*** Data segment ***

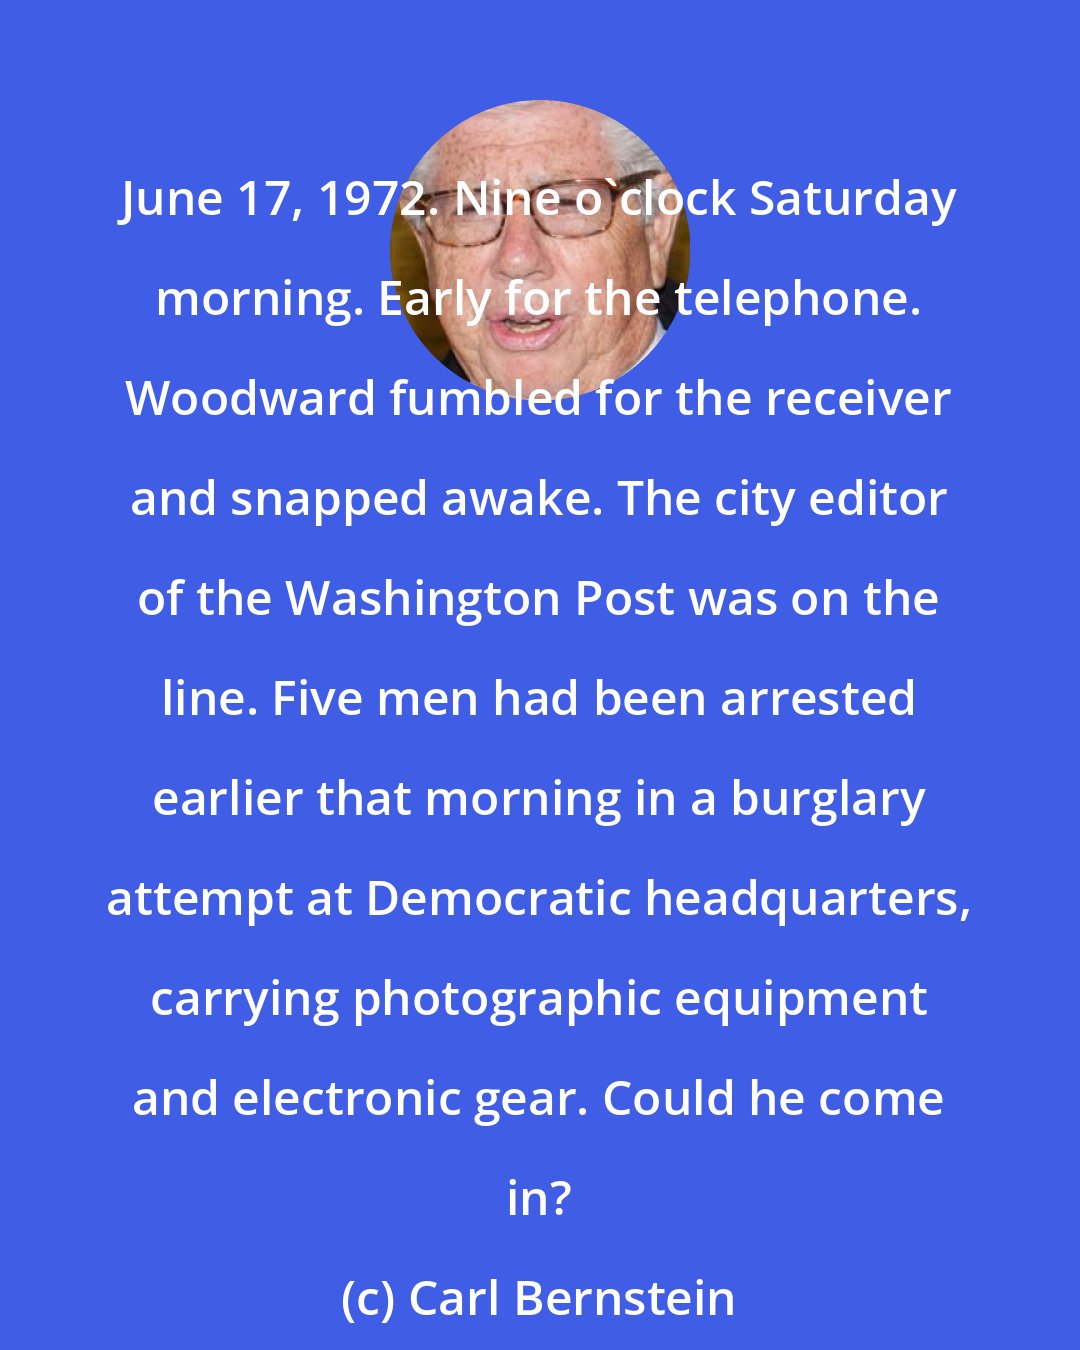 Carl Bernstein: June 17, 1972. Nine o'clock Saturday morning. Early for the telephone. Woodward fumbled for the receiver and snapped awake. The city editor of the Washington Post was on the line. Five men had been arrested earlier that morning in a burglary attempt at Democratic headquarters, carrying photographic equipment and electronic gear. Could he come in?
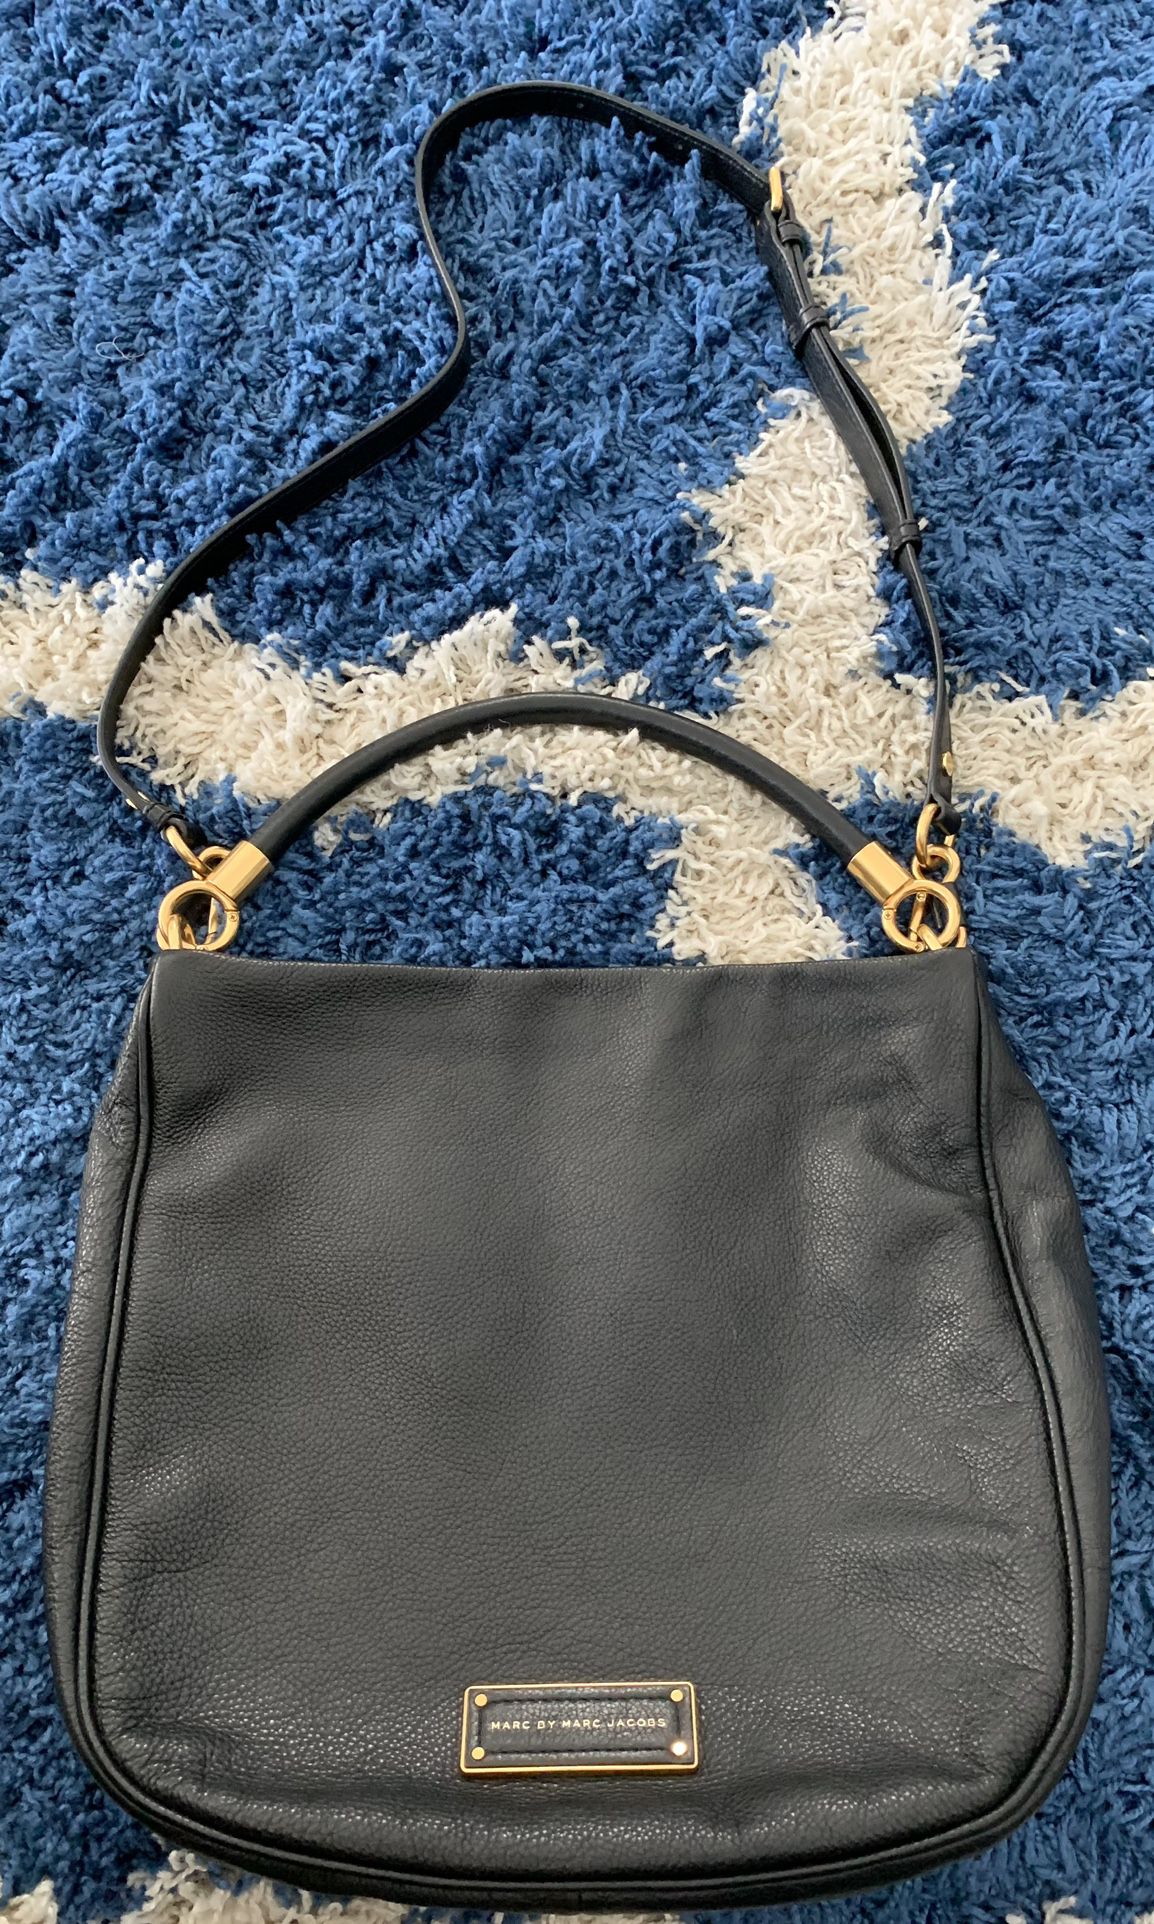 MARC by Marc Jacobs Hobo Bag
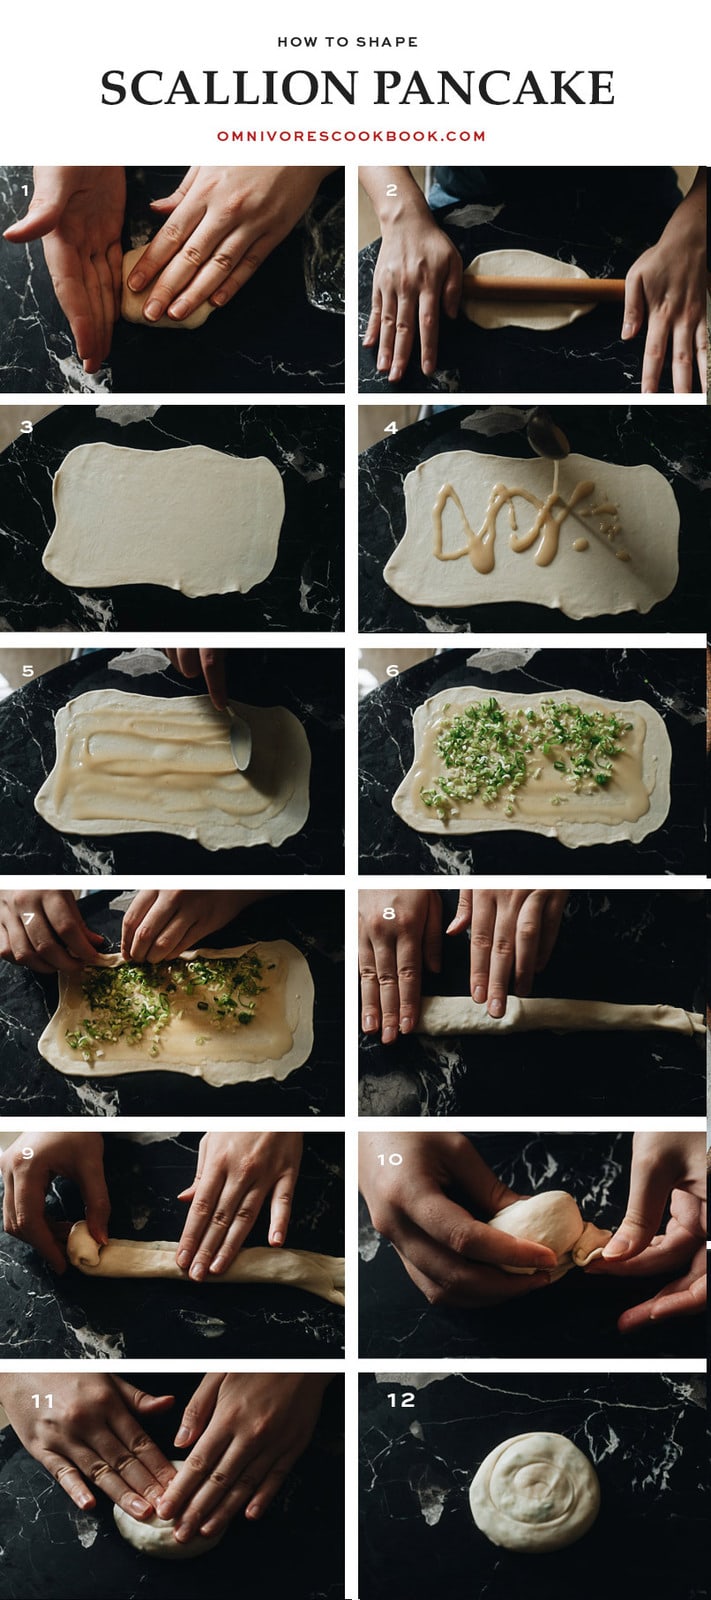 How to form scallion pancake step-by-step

*** End of Data segment ***

Problem to solve -> Transcribe the listing above in full and exactly; no pictures belong in the copy.

Output of the task ->
 Carl Bernstein: June 17, 1972. Nine o'clock Saturday morning. Early for the telephone. Woodward fumbled for the receiver and snapped awake. The city editor of the Washington Post was on the line. Five men had been arrested earlier that morning in a burglary attempt at Democratic headquarters, carrying photographic equipment and electronic gear. Could he come in?
 MARC by Marc Jacobs Hobo Bag
 How to form scallion pancake step-by-step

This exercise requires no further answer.